# Whose responsibility is it to ensure cattle and livestock are secure



## MacFiura

Hi 

I'm just after buying a new house, my neighbour who is a farmer has called over and told me that our fence in broken in places and that their cattle could enter our property through these breaks, they have explained that they have electric fences constructed but if the cattle break through, it would be our responsibility if they caused any damage. 
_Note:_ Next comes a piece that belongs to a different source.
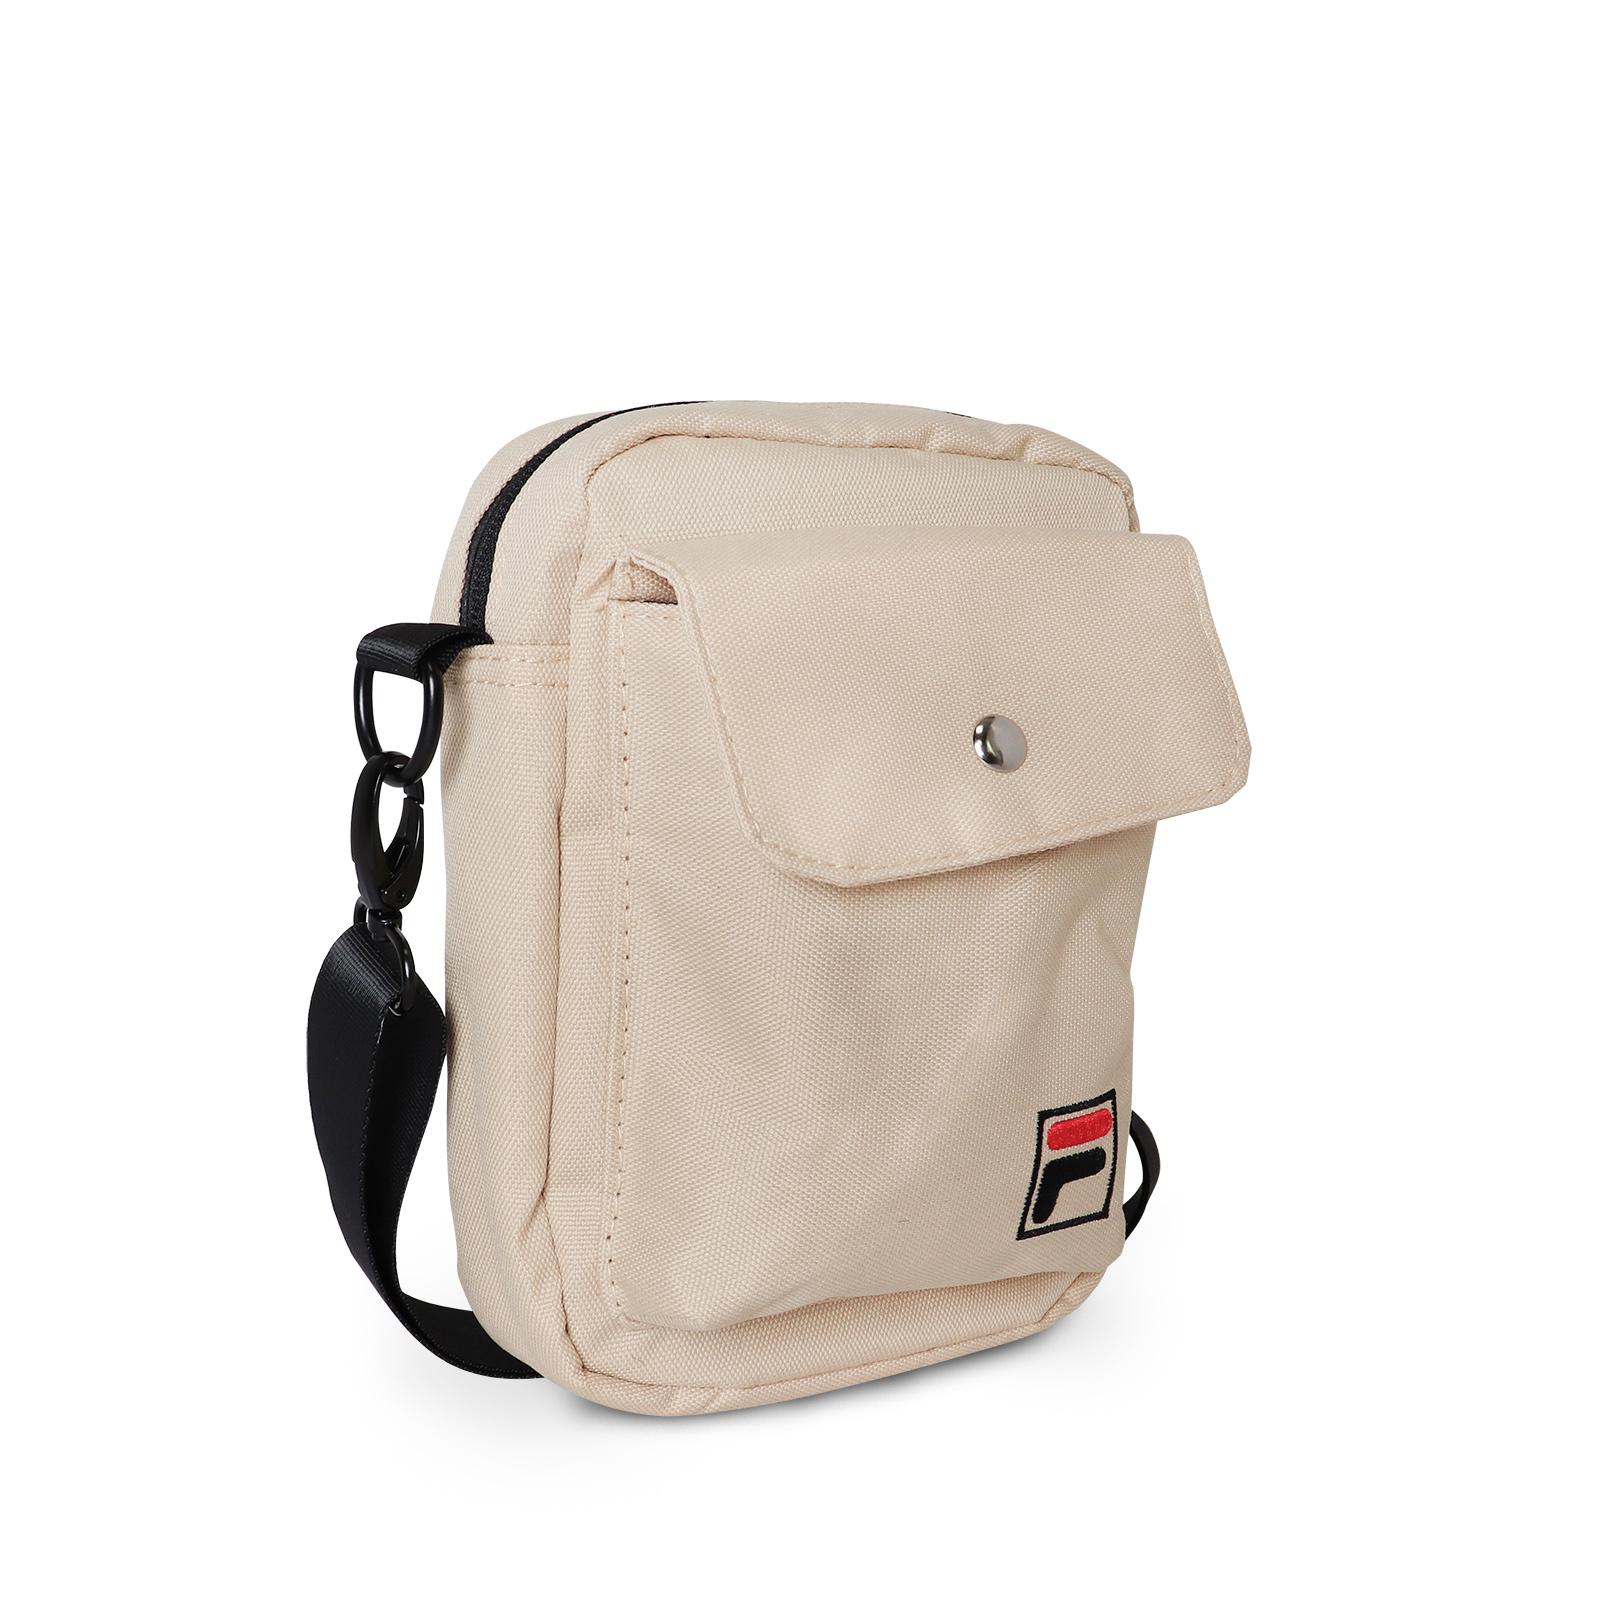 FILA 斜背包 Crossbody Shoulder Bag 卡其 奶茶 男女款 側背【ACS】BMV3014KK

I was just wondering if anyone knew whats the legal situation is in regards to this. Should it not be the responsibility of the cattle owner to ensure his cattle cannot break out. Or is it my responsibility to ensure my property is secure at all times ?

Thanks


----------



## Guest105

MacFiura said:


> Or is it my responsibility to ensure my property is secure at all times ?


 
Yes, it is your responsibility to fix the fence and secure your own property.  Nice of the farmer to tell you.


----------



## cairn

cashier said:


> Yes, it is your responsibility to fix the fence and secure your own property.  Nice of the farmer to tell you.



This is incorrect. While it may be prudent for the OP to fence his land it is the farmer's responsibility to ensure that his lands are stockproof.


----------



## MacFiura

Yes I was thinking that, he had said he told he auctioneer to tell us that it needed fixing, and that he had an electric fence up, but if he believed this did was not sufficient should he not take measures to ensure they wouldn't break out


----------



## PaddyBloggit

he should ... but you should also take measures so that they can't break in.


----------



## Guns N Roses

Sounds like your neighbour wants you to fix your fence so that he can avoid having to pay to secure his livestock properly.

Even though it is his responsibility I would still repair your own fence to secure your property and avoid potential future arguments in the event his cattle break out.


----------



## Sim Two

Found this on Department of Agriculture website if it is of any use to you.  See section 4 in particular.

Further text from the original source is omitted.